Try it: Reproduce the listing below exactly. Pictures do not belong in the copy.

Data extract:
- - - - -

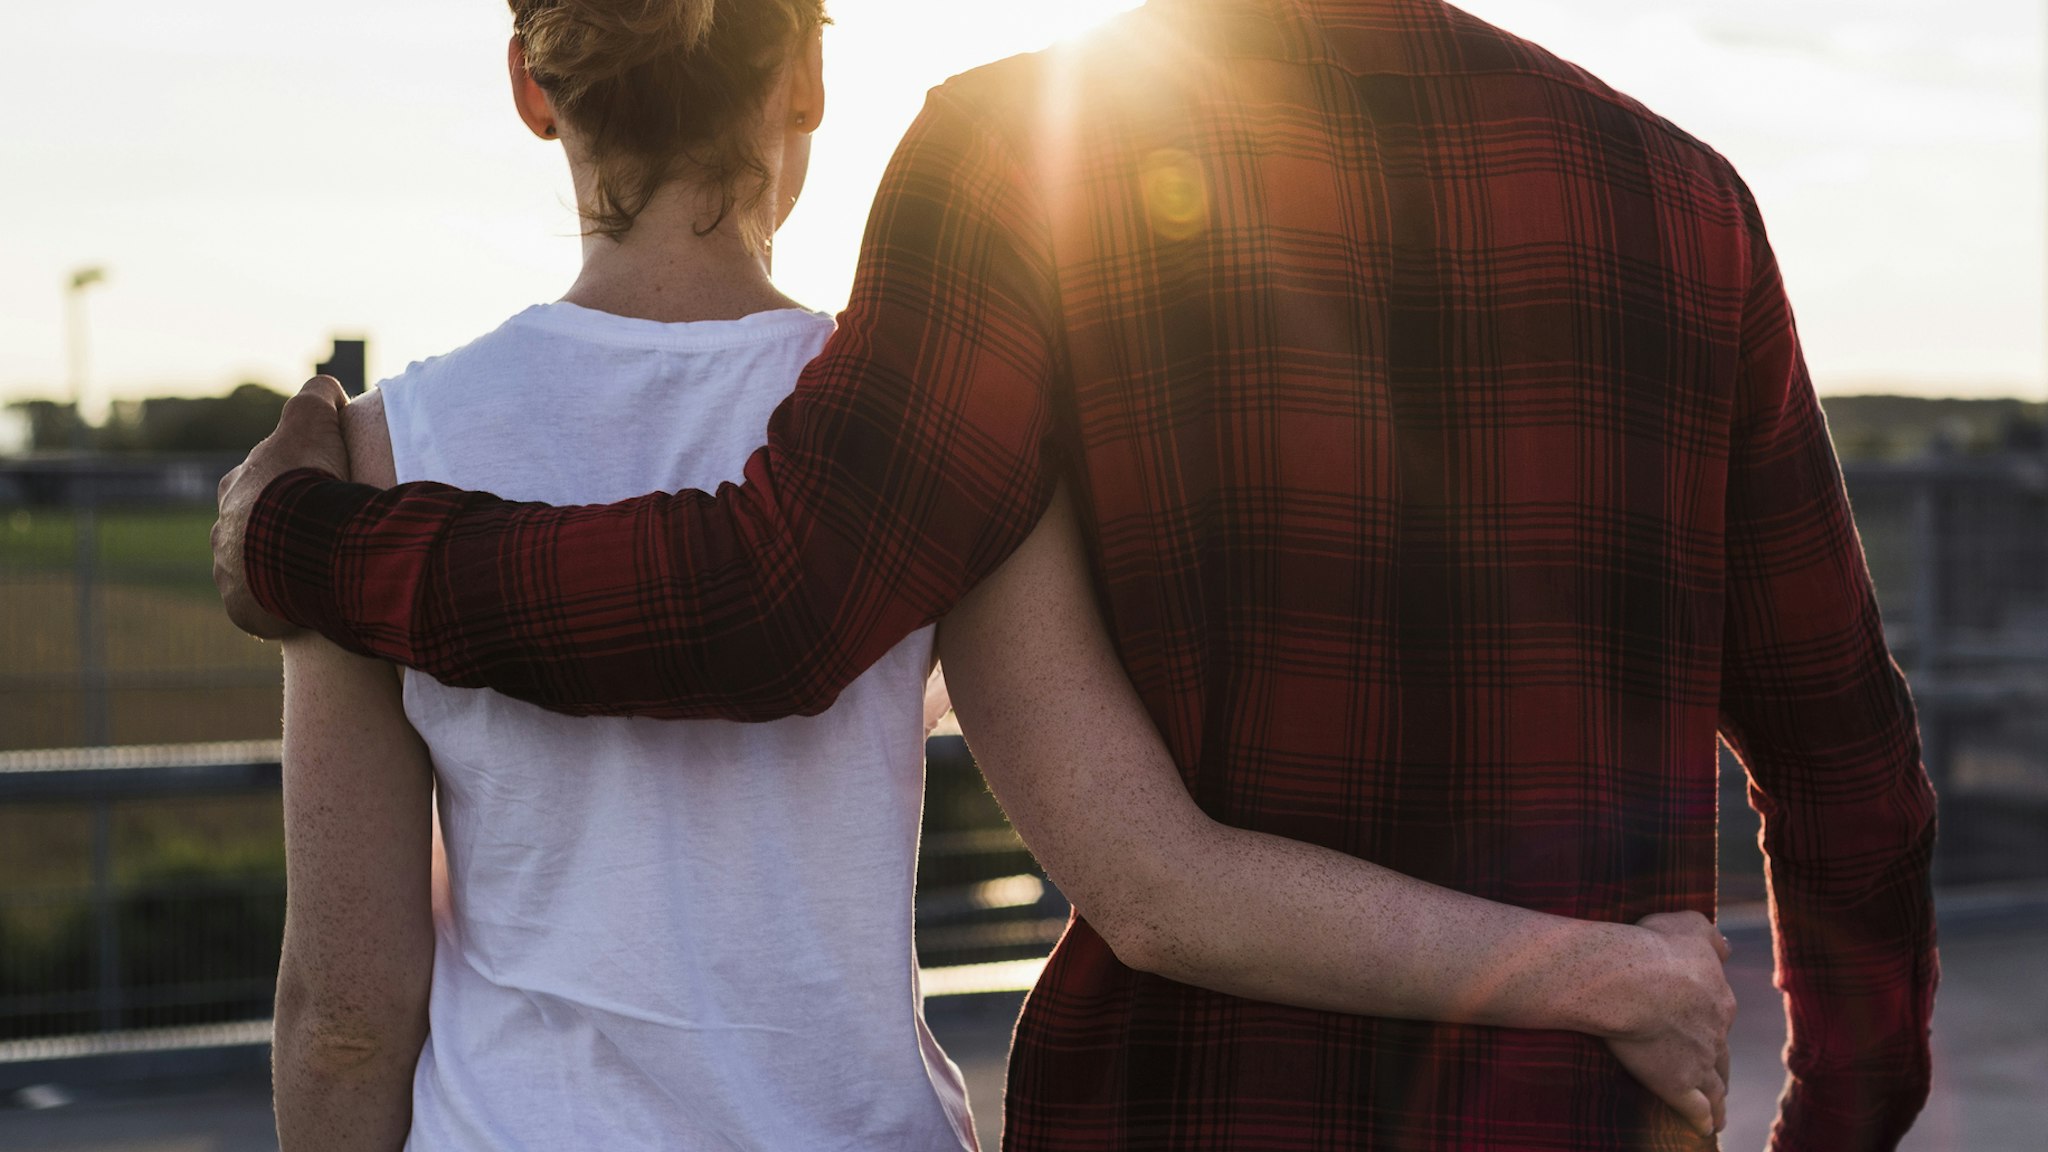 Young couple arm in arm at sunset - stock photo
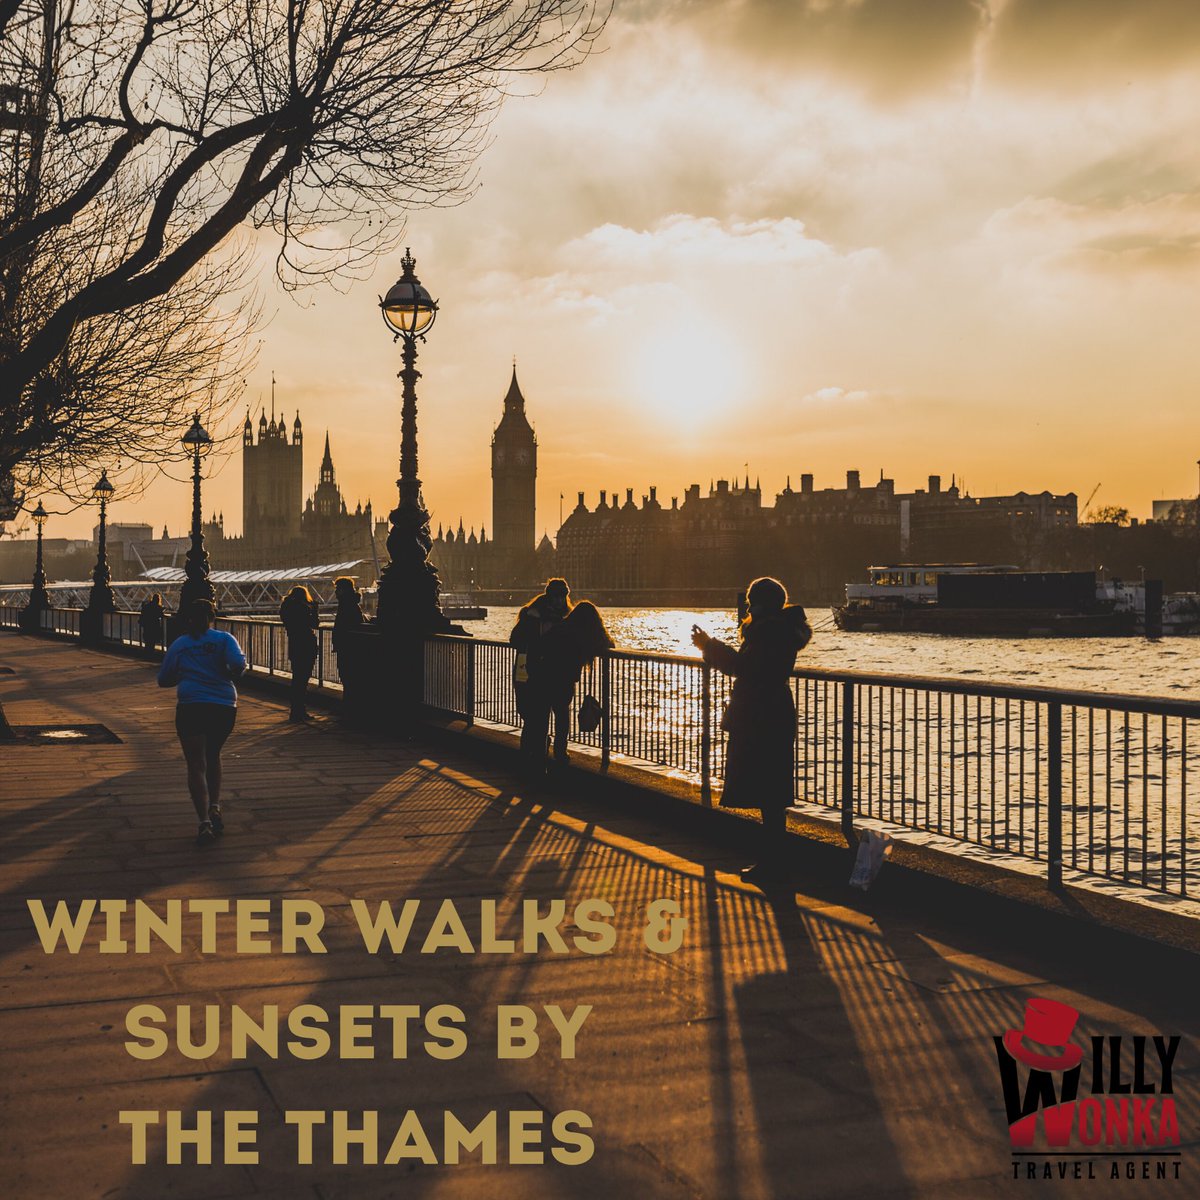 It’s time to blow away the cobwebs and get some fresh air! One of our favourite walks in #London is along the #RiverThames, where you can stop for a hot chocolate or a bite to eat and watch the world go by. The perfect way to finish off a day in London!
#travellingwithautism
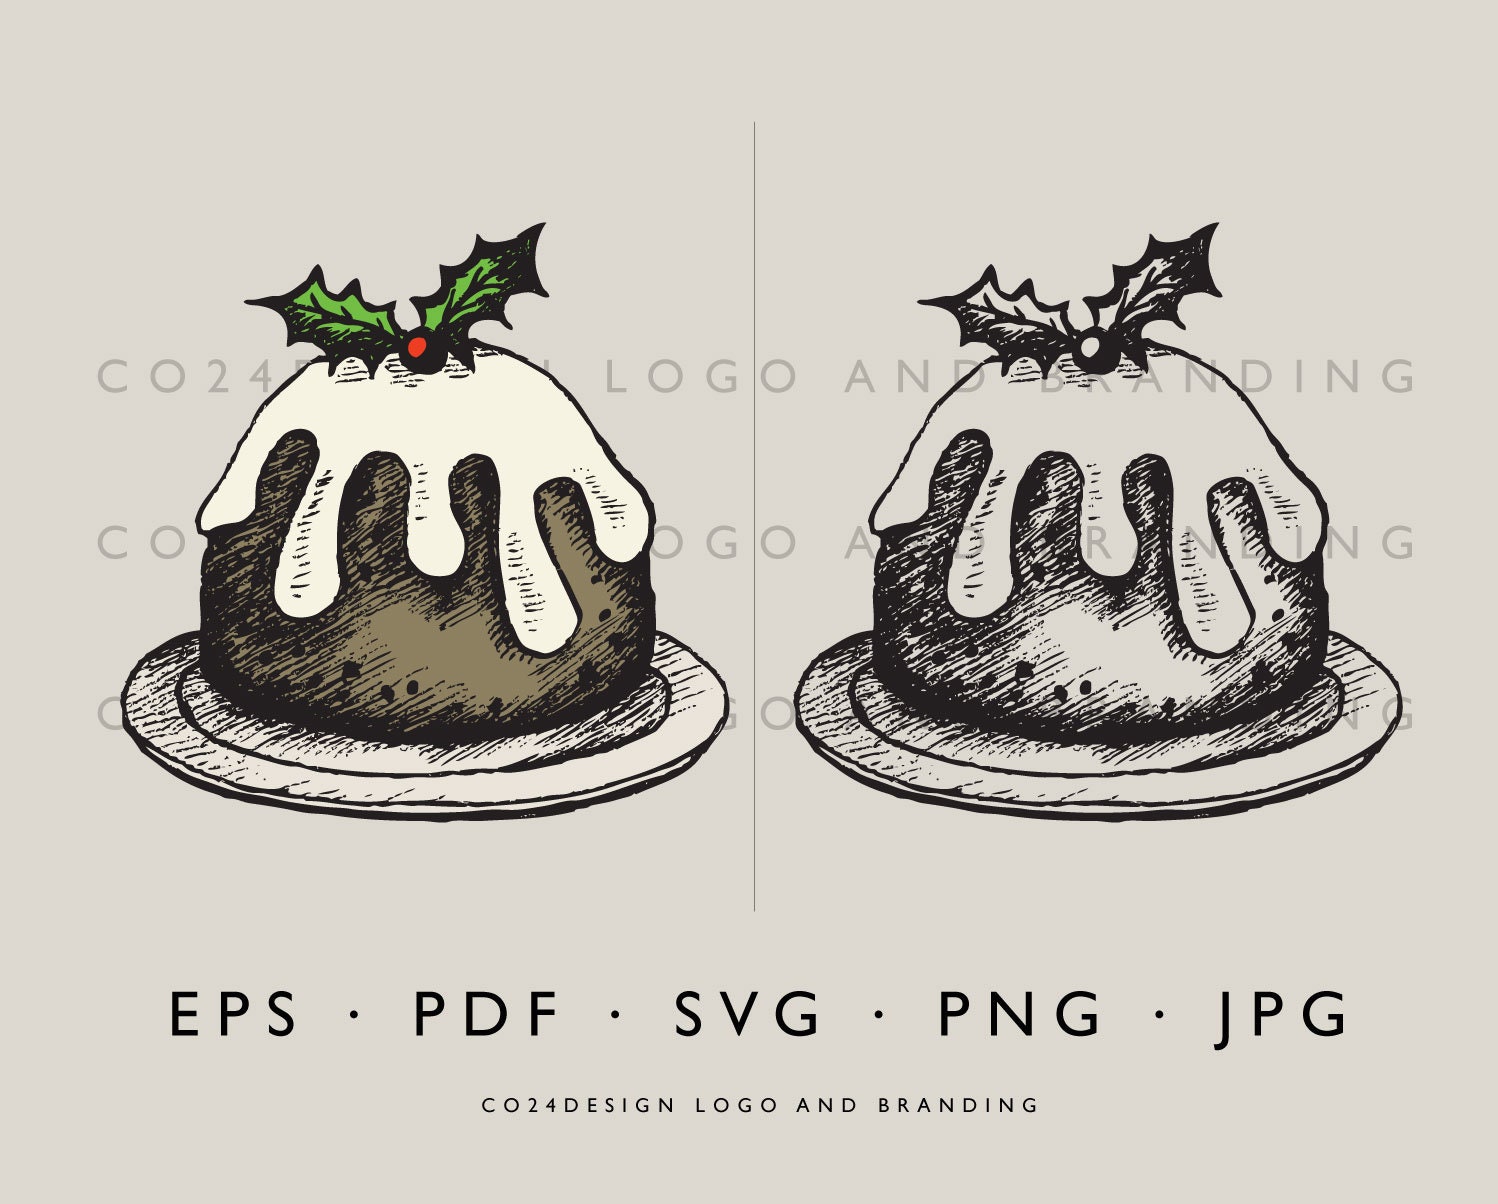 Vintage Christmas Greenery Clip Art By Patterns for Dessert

- - - - -

Task result:
 Young couple arm in arm at sunset - stock photo
 It’s time to blow away the cobwebs and get some fresh air! One of our favourite walks in #London is along the #RiverThames, where you can stop for a hot chocolate or a bite to eat and watch the world go by. The perfect way to finish off a day in London!
#travellingwithautism
 Vintage Christmas Greenery Clip Art By Patterns for Dessert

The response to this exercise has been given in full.